Our firm has extensive experience in defending tribal sovereignty and jurisdiction from encroachment by states and others.  Our work in this area includes litigation, inter-governmental agreements, assistance to tribes in building tribal institutions, and advocacy before Congress.

Litigation:  We have successfully defeated state efforts to tax activities occurring within Indian country.  For example, our firm served as lead counsel in Coeur d’Alene Tribe of Idaho v. Hammond, 384 F.3d 674 (9th Cir. 2004), where the Court of Appeals rejected the State of Idaho’s effort to collect state excise taxes on gasoline sold on the Shoshone-Bannock Reservation. We then successfully resisted the State’s efforts to obtain Supreme Court review of that favorable decision. 543 U.S. 1187 (2005) (denying State’s petition for certiorari).  We also successfully opposed state efforts to tax motor vehicle purchases by Indians on their reservation in Standing Rock Sioux Tribe v. Janklow, 103 F.Supp.2d 1146 (D.S.D. 2000), and we won a similar case for the Fort Peck Tribes. 

In addition to tax issues, we have successfully represented tribes in preventing state courts and state officials, including those having PL 280 jurisdiction, from asserting jurisdiction over disputes that arise in Indian country or where the assertion of state jurisdiction would undermine tribal rights and interests.  For example, we secured a ruling in the Alaska Supreme Court that state courts lacked jurisdiction over a tribal election matter. Healy Lake Village v. Mt. McKinley Bank, 322 P.3d 866 (Ak. 2014).  In another case, we enjoined state courts from interfering with tribal court jurisdiction over an intra-tribal dispute.  Bowen v. Doyle, 880 F. Supp. 99 (W.D.N.Y. 1995), aff'd, 230 F.3d 525 (2d Cir. 2000). 

We have also successfully represented tribes in protecting their sovereign authority to enforce tribal law.  This has included successful tribal efforts to obtain “treatment as a state” (“TAS”) to regulate water and air quality under federal environmental laws, and defending that authority from legal challenge by states.  Michigan v. EPA, 581 F.3d 524 (7th Cir. 2009) (finding that Michigan lacked standing to challenge EPA’s action in favor of the Tribe); State of Montana v. E.P.A. 137 F.3d 1135 (9th Cir. 1998) (upholding tribal authority to enforce tribal clean water standards).  In Burlington N. Santa Fe R.R. Co. v. Assiniboine and Sioux Tribes of Fort Peck Reservation, 323 F.3d 767 (9th Cir. 2003), we defended a tribal tax on a utility, and the matter was ultimately resolved by a settlement agreement.  We have also secured court decisions upholding tribal authority to prosecute felony crimes covered by the Major Crimes Act in tribal court, as was done in Wetsit v. Stafne, 44 F.3d 823 (9th Cir. 1995).Our work also regularly involves representation of tribes to protect tribal jurisdiction over proceedings involving adoption or foster care placement of Indian children, as provided by the federal Indian Child Welfare Act.

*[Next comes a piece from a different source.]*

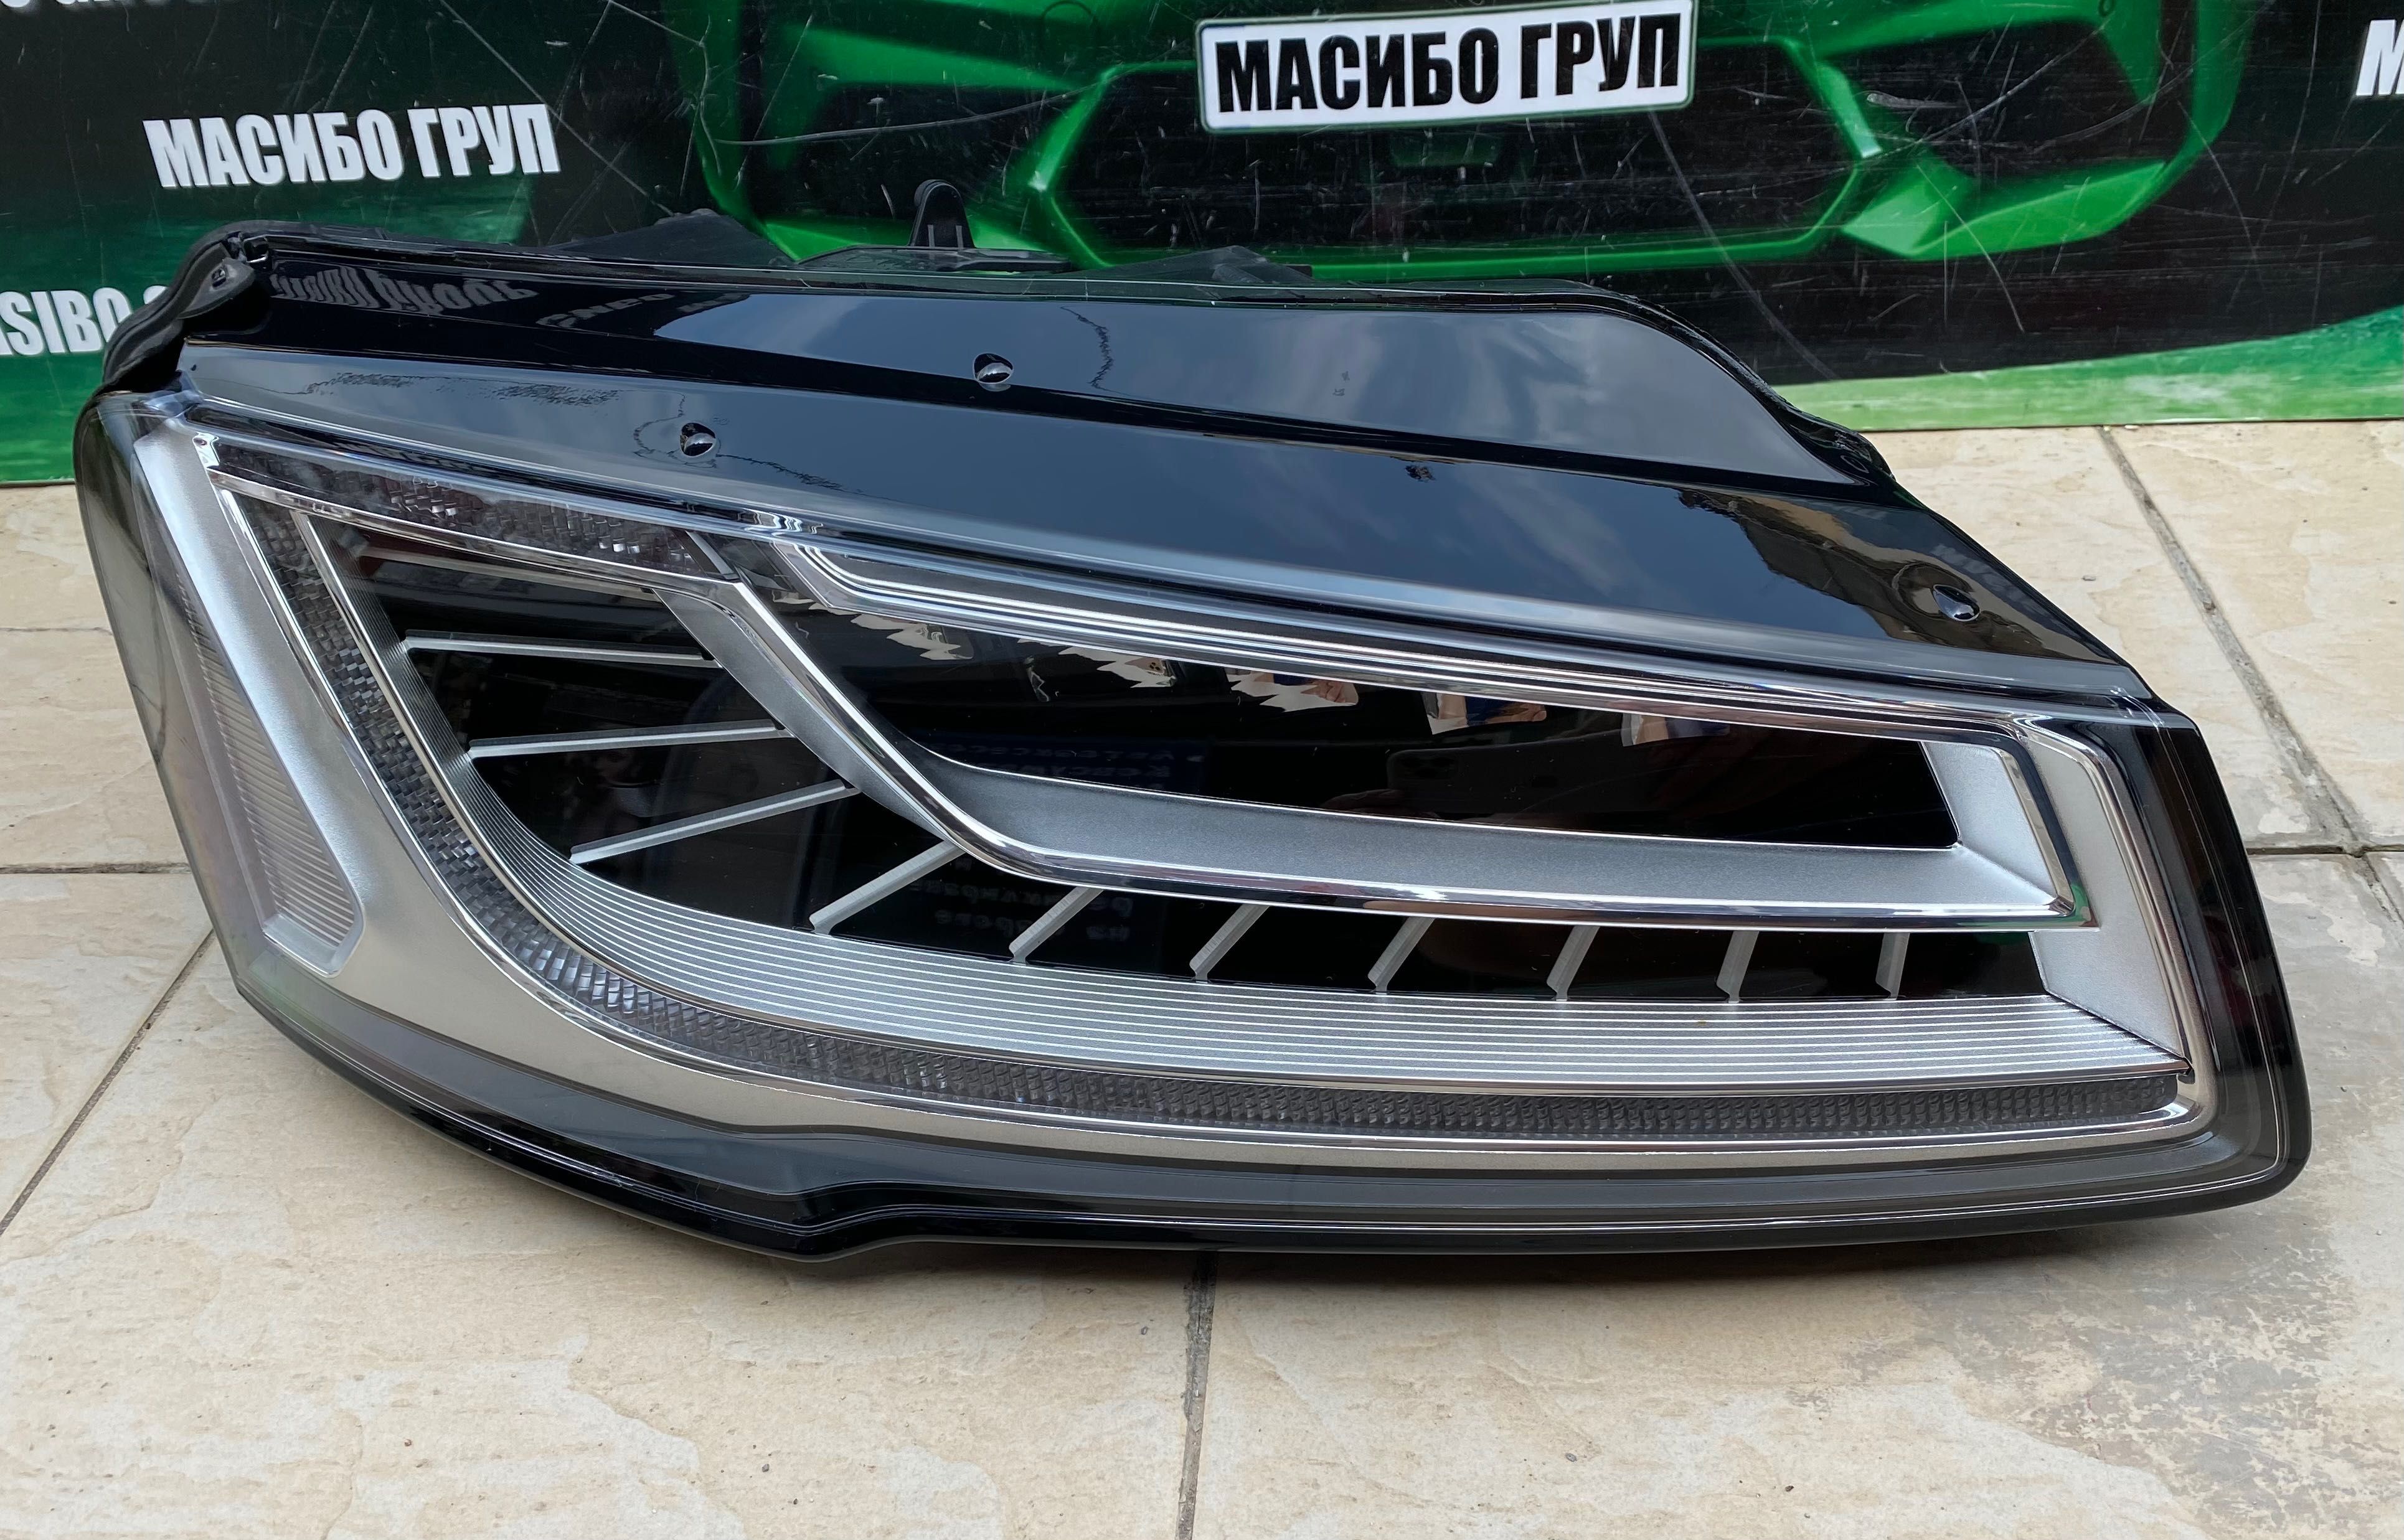 Фарове far Matrix фар за Ауди А8 Audi A8 4H фейс

An important aspect of protecting tribal sovereignty has been to defend tribal sovereign immunity from suit - a right held by all sovereign governments and which serves vital public interests, by protecting government treasuries and resources from suits to which the sovereign has not consented. We have successfully represented tribes in numerous judicial proceedings to protect the tribe's sovereign immunity.  Two examples of many such cases include: City of Duluth v. Fond du Lac Band of Lake Superior Chippewa, 843 N.W.2d 577 (Minn. 2014) (agreement between City and Band did not waive immunity for action in state court) and McRary v. Ivanof Bay Village, 265 P.3d 337 (Alaska 2011) (holding Tribe is immune from suit and reaffirming prior ruling that Alaska tribes are sovereign in action arising under contract).

Inter-governmental agreements.  Tribal sovereign authority can be recognized and given effect in a variety of ways, including through inter-government agreements. Where our tribal clients have exercised their sovereignty in this way, we have assisted in negotiating such agreements with federal, state and local governments. These have included, for example, tribal-state gaming compacts, inter-government agreements on taxation, extradition procedures, and cross-deputization, as well as cooperative agreements with local governments to cover municipal services.

Strengthening tribal institutions.  Another important aspect of tribal sovereignty has been the development of tribal courts and tribal forums with authority to adjudicate disputes that arise on the tribe's reservation pursuant to tribal law. The development of tribal courts is best served by requiring that disputes arising on a tribe's reservation be adjudicated, in the first instance, in the tribal courts. Our practice regularly involves representation of tribes and tribal interests in ensuring that this “tribal exhaustion” doctrine – as articulated by the United States Supreme Court in Iowa Mut. Ins. Co. v. LaPlante, 480 U.S. 9 (1987) and Nat'l Farmers Union Ins. Cos. v. Crow Tribe, 471 U.S. 845 (1985) – is followed and that federal and state courts defer to the tribal courts for matters that arise on a tribe's reservation.

Advocacy in Congress.  Our work in defending tribal sovereignty has also included advocacy before Congress. We played an active role in advocating for the provisions of the 2013 Violence Against Women Act which recognize tribal criminal jurisdiction over both Indians and non-Indians who assault Indian spouses or dating partners or violate a protection order in Indian country, as well as the 2014 amendment to VAWA which confirm the same authority for Alaska Native Villages. In our work before Congress, we actively work for amendments to federal laws to ensure that tribes' status as sovereigns is recognized and given effect. Our work on tribal sovereignty before Congress is part of a long-standing tradition of our firm, whose founding partner took the lead in obtaining legislation to require tribal consent before a state could assume civil or criminal jurisdiction over Indians within a tribe's reservation.